After many weeks of sweet treats and sugar I decided to off-set the scale with savoury and plenty of salt. I haven’t made bread in a while because, while the steps are simple and the ingredient list short, proving is time-consuming. However I had some time over Christmas so I could wait the hour it took for my dough to double in size. I felt like a proud parent watching their new born lift their own head for the first time when I peeled back the tea towel and saw the surface made smooth with its own expansion; I’ve tasted motherhood and it’s all olive oil and salt.
In my baking videos I’ve now learnt to tie my hair back in mermaid plaits otherwise you get the end of my hair dangling like spider legs into the shot. My hair is long and thick. Sometimes when I’m trying to twist the strands around one another it’ll catch on one of my rings, or the ends will get knotted together, or I’ll accidentally merge one strand into the other until it’s just one big section with nowhere to go. Then I drop the whole thing, comb it with my fingers, and shake the ache out of my arms before starting again. I’ve become more successful with practice and I’ve started wearing it around like that. One day I was at work and my colleague said that she liked it and she wished she could do it, and I said that maybe she could have if she had girls (she has two sons). She said, ‘I won’t blame them for that’ and I thought it was humourous. Since then I’ve been thinking a lot about boyhood and how I have no idea what that’s like. I have a sister and no boy cousins who aren’t millions of miles away in Japan. I went to a girls school and in primary school I only had girlfriends so I wonder what it’s like to be a boy child. Not male at any age but to grow up playing football matches in the park on a wet Saturday morning while your mum stands at the edge huddled under an umbrella.

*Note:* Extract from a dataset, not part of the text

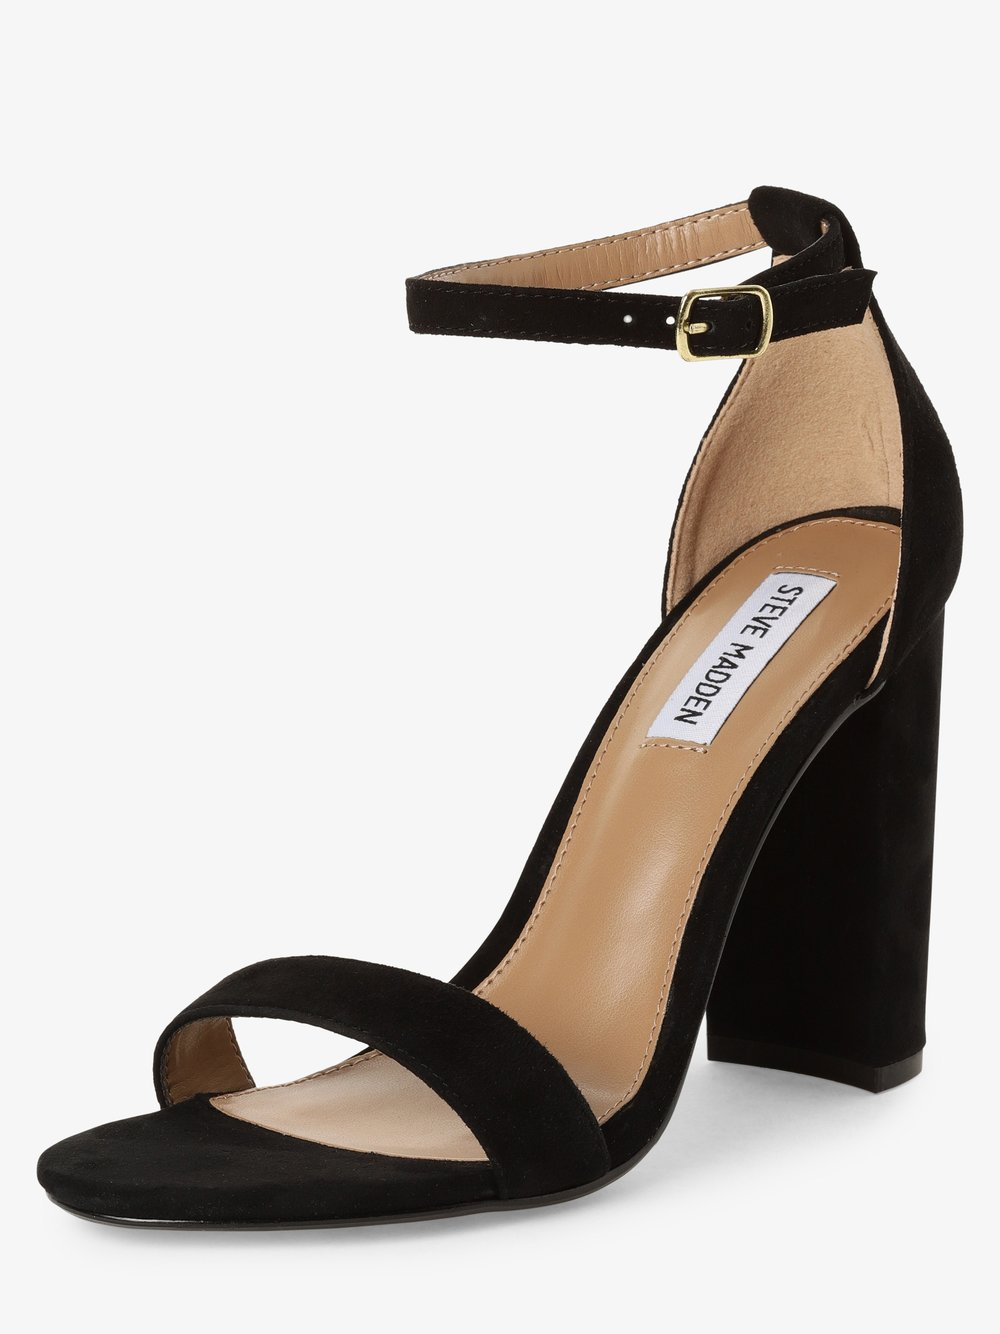 Steve Madden - Damskie sandały – Carrson, czarny

Or to have scraped knees that bleed and scar coolness for all your mates to see on Monday, and to play violent video games where you shoot people while swearing into a headset then throw the controller down in anger after you die. That’s how it seemed to me growing up from the outside looking in. But I know I don’t know anything about it because those are all incredibly narrow-minded, stereotypical depictions that I’ve probably seen in an out-dated coming-of-age film. I’m sure being raised as male for many people isn’t like that at all, but I just wonder what it’s like and if it’s fun and what do you talk about at sleepovers? What I do know is that there’s boyhood, and girlhood, and childhood, and all those things are not the same.

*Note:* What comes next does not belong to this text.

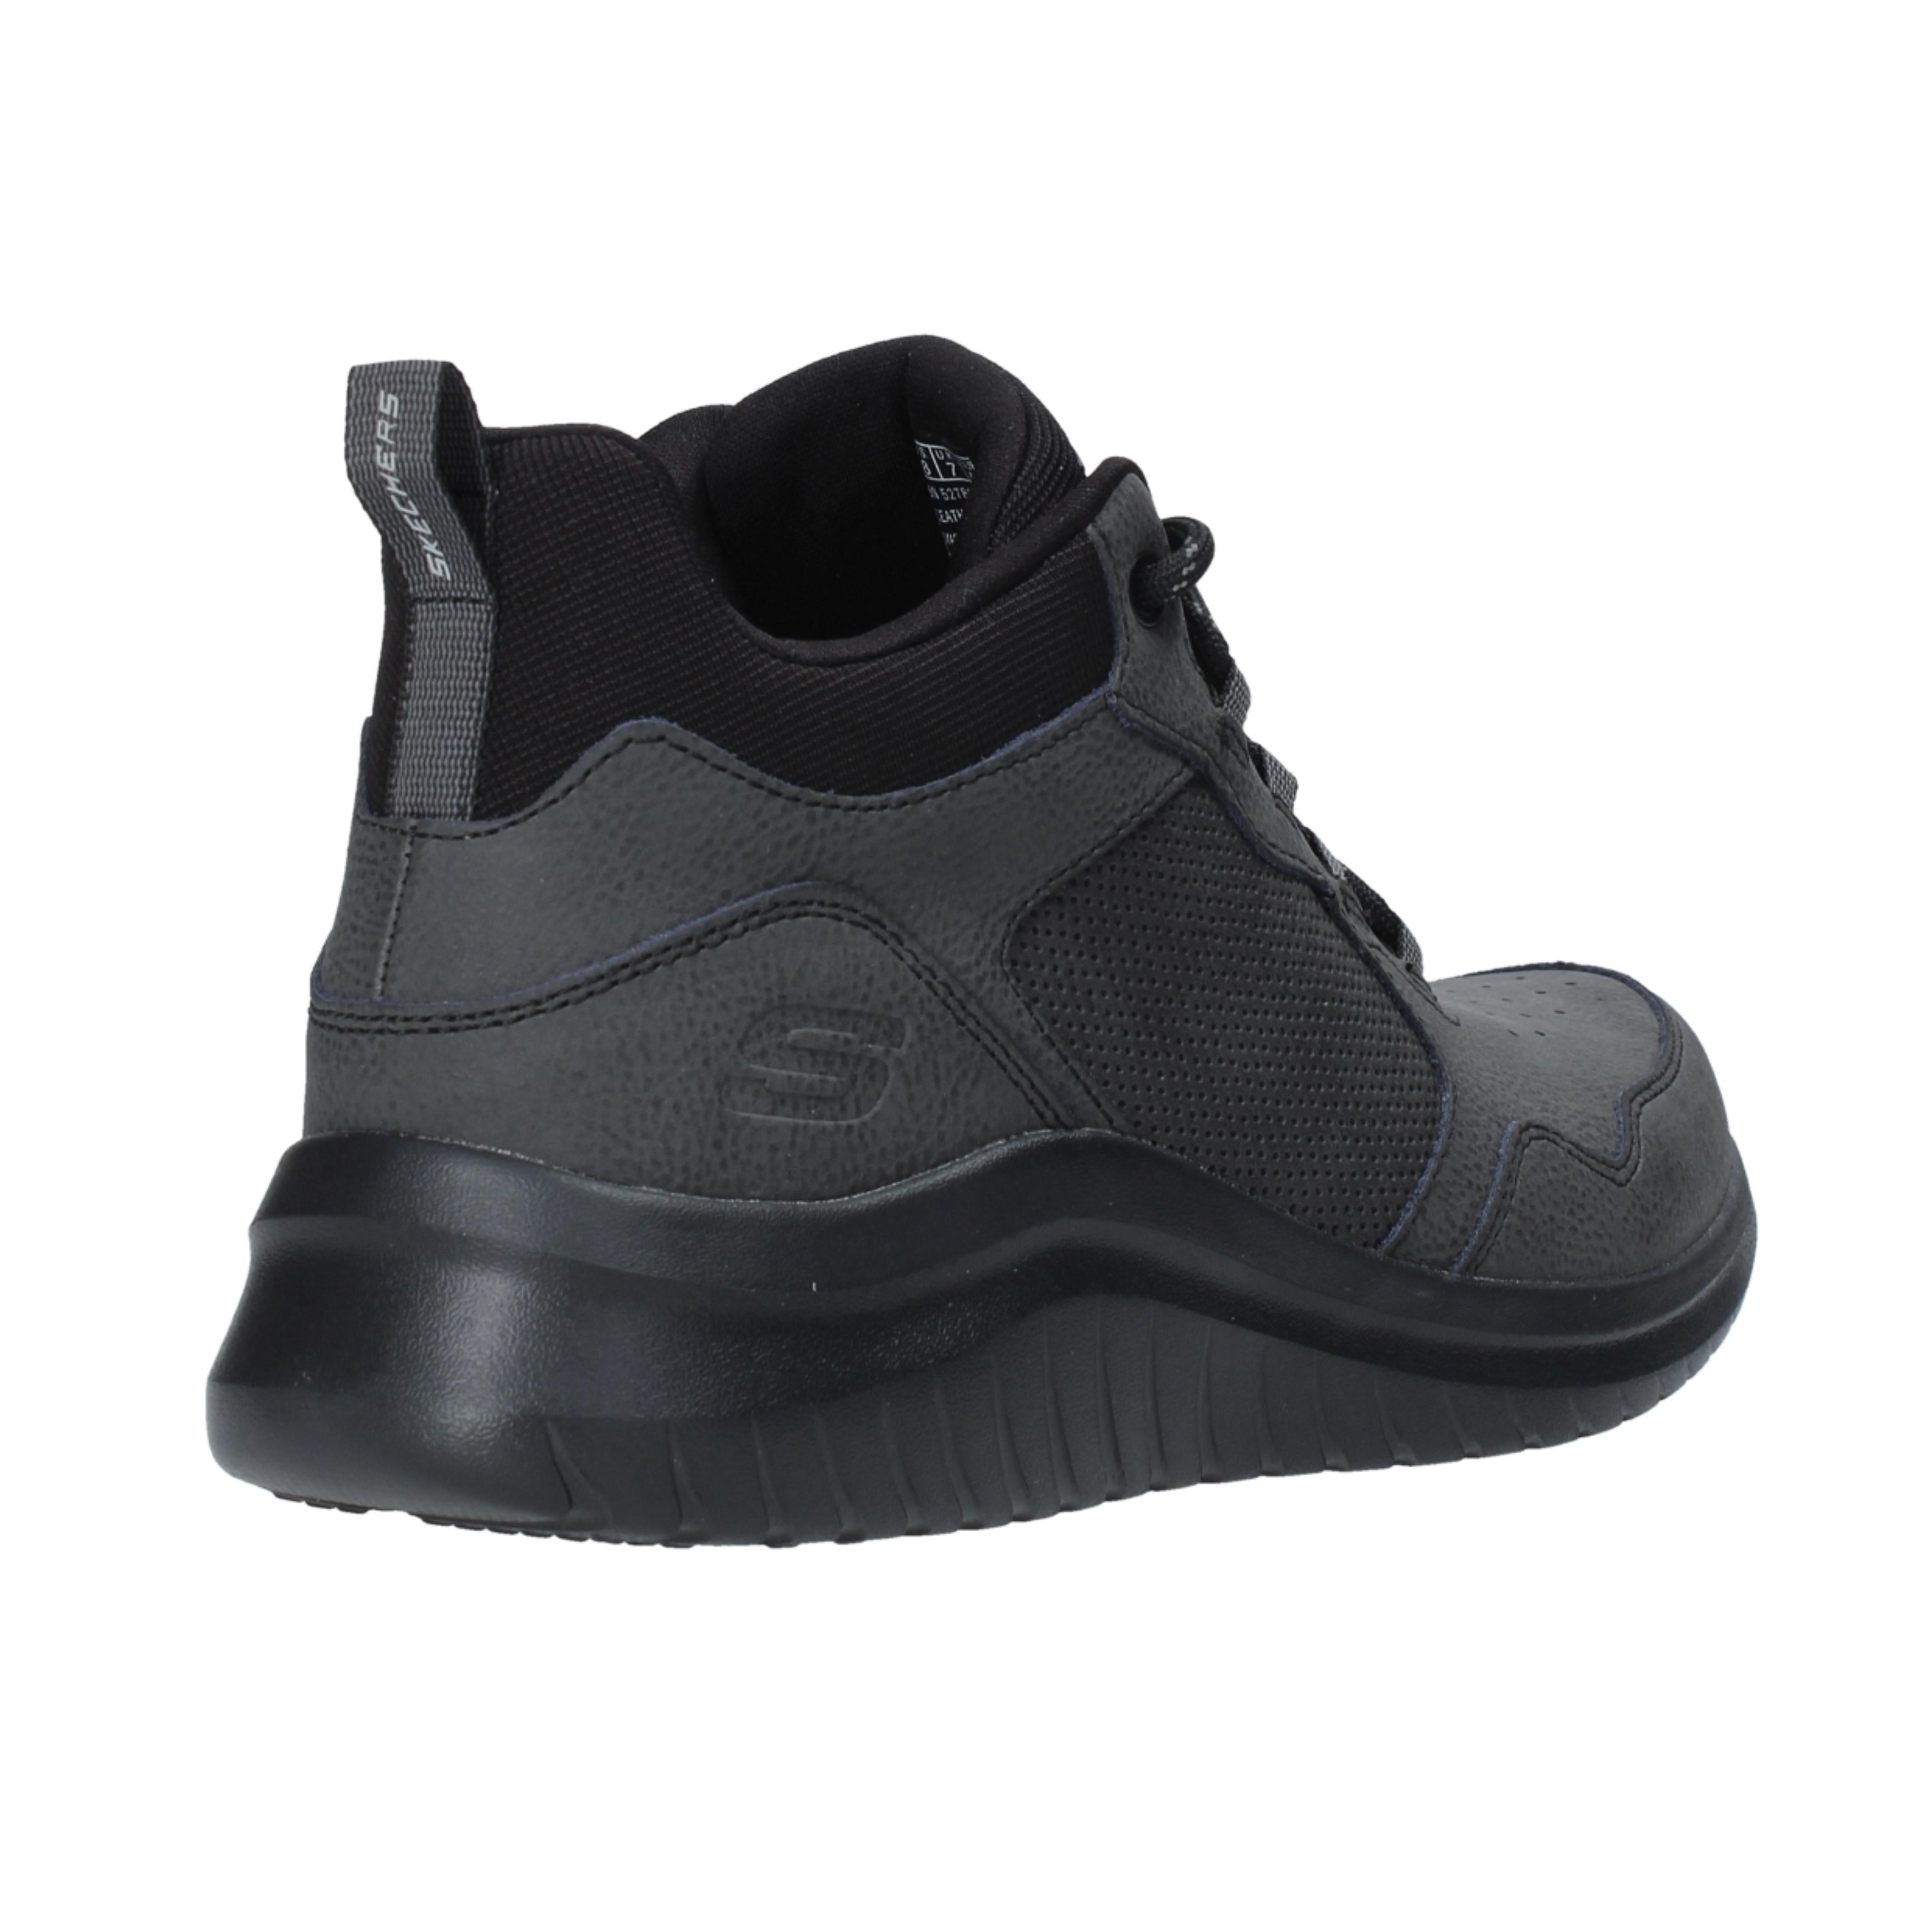 Sneakers Uomo Ultra Flex 2.0 Skechers 52780 BBK  -9

I really enjoy running now and I run far and often and fast and slow and over and under and all around and I love it. I’ve also started cycling to do my food shop and I adore my bike. I worry about my bike getting stolen as it would be a difficult loss for me. Not because I wouldn’t be able to get to the Lidl with the good bakery, but because I would miss the joy of riding my bike. I only started to venture into running when I was nineteen and I’ve never much played team sports apart from forcing my friends to play volleyball in the park with me during Covid. It’s hard to understand because I could have done it growing up, sure, but it felt too out there for me. And sometimes I feel sad that I didn’t/don’t do more of that stuff. Not exercising or sport, I mean just being more uninhibited and doing things that are physical, adventurous, and playful. I think you can miss out on that being introduced to you when you’re raised in girlhood. Obviously boyhood is out of reach for me to experience as a twenty-four year old woman. But it’s just something I think about, even though I do love being a silly little girly girl getting my nails done, plaiting my hair, being emotional, and tightening a stranger’s bra straps in the pub toilets*.

I got a new apron from Muji and I am obsessed with it because it’s so cute and has inside and outside pockets! I’ll have to show it in a post one week. This focaccia was the first time I wore it and wowweee it was a bake worth the apron. The dough is soft inside while crusty on the top and the fresh rosemary is my favourite. I had to use granulated sea salt instead of flaky salt which was a shame but only for the look because the taste is the same and that taste is salty salty yum. I used a BBC Good Food recipe for this one and won’t link it here, they don’t need more site views the greedy fucks.
Goodbye for now.
*I know these aren’t necessarily ‘feminine’ things, they are just some things that help me personally feel girly.